The Over-Representation analysis provides whether significant lipid species are enriched in the categories of lipid class. Results are presented in tables and bar plots categorizing lipid species into ‘up-regulated’ or ‘down-regulated’ groups based on log2 fold change.
deSp_se
is
generated by deSp_multiGroup
in lipid
species analysis.
# conduct ORA
ora_all <- enrichment_ora(
deSp_se, char=NULL, significant='pval', p_cutoff=0.05)
# result summary
summary(ora_all)
#> Length Class Mode
#> enrich_result 13 tbl_df list
#> static_barPlot 9 gg list
#> interactive_barPlot 8 plotly list
#> table_barPlot 10 grouped_df list
# view result: ORA bar plot
ora_all$static_barPlot
ORA bar plot of all characteristics The bar plot shows the top 20 terms.
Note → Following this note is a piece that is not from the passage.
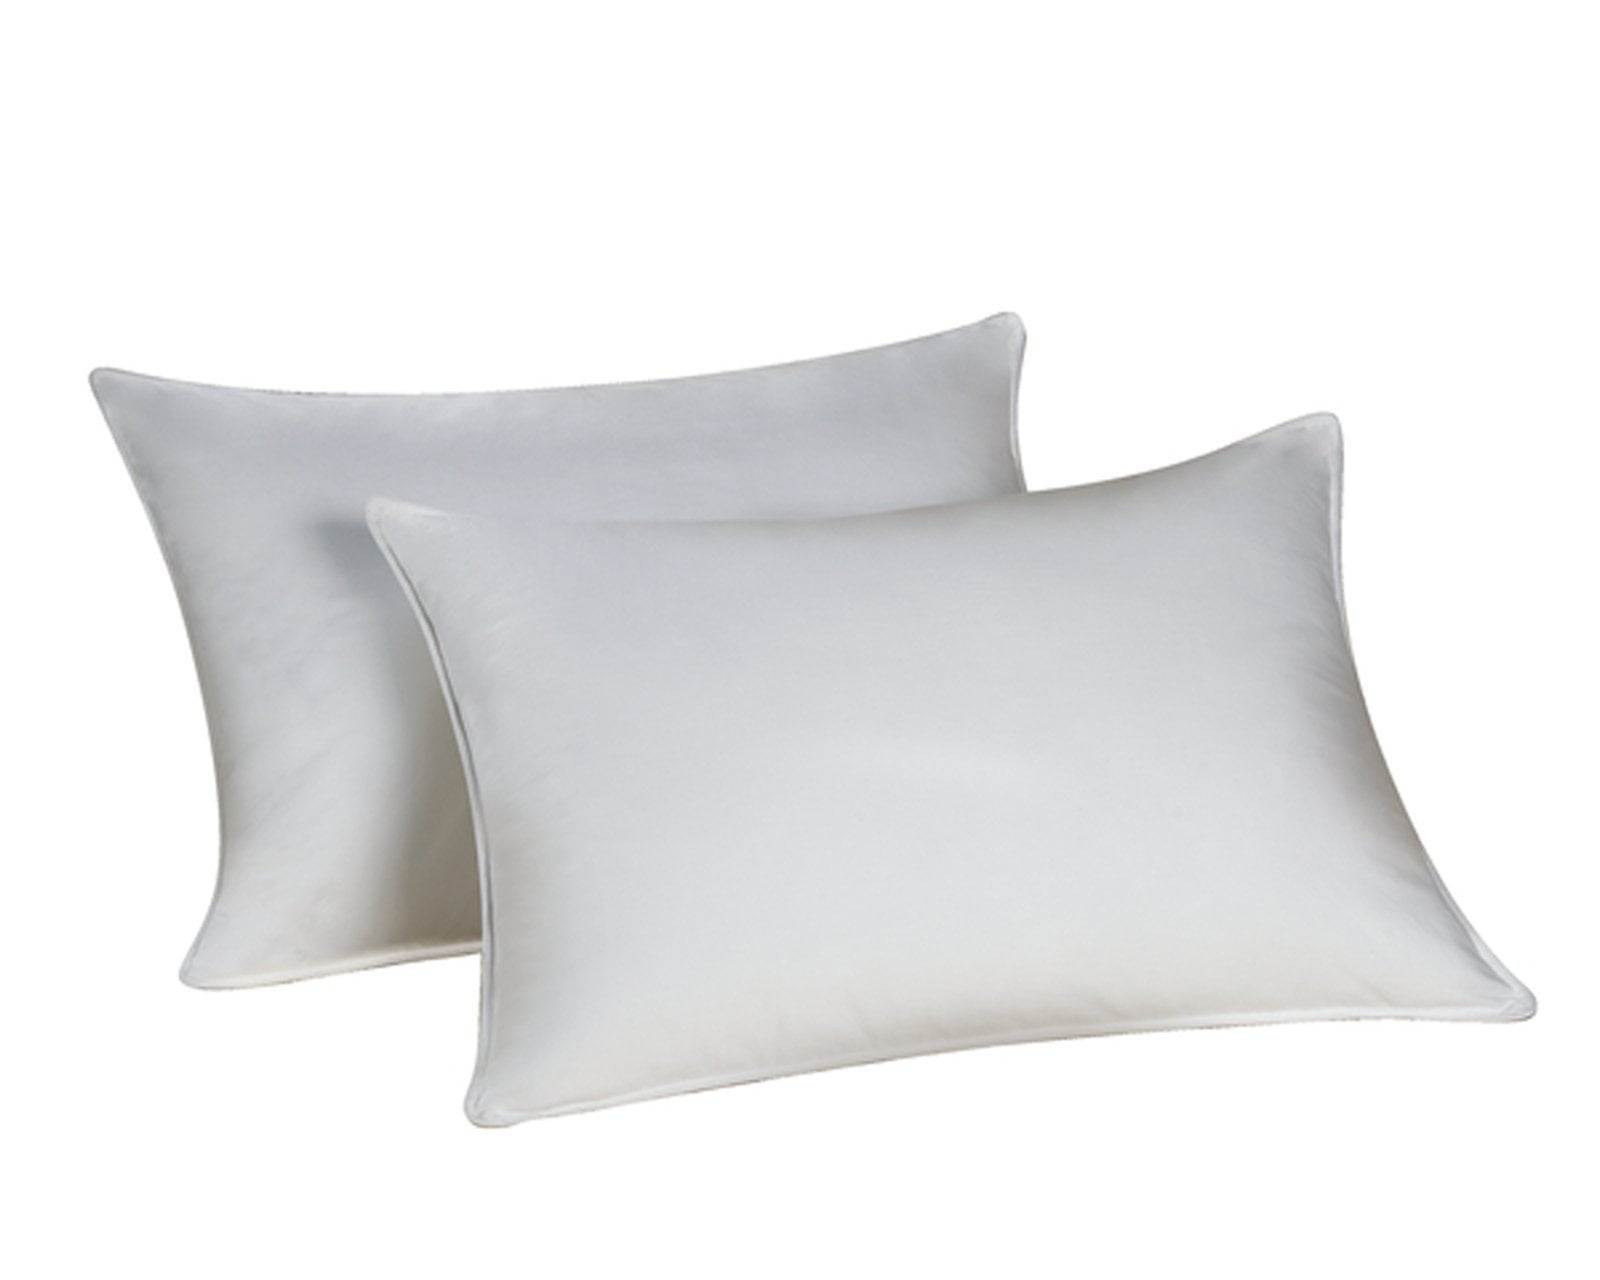 Envirosleep Dream Surrender King Pillow Set. 2 Pillows Found @ Marriott Hotels

# get lipid characteristics
list_lipid_char(processed_se)$common_list
#> There are 4 ratio characteristics that can be converted in your dataset.
#> Lipid classification Lipid classification
#> "Category" "Main.Class"
#> Lipid classification Lipid classification
#> "Sub.Class" "class"
#> Fatty acid properties Fatty acid properties
#> "FA" "FA.C"
#> Fatty acid properties Fatty acid properties
#> "FA.Chain.Length.Category1" "FA.Chain.Length.Category2"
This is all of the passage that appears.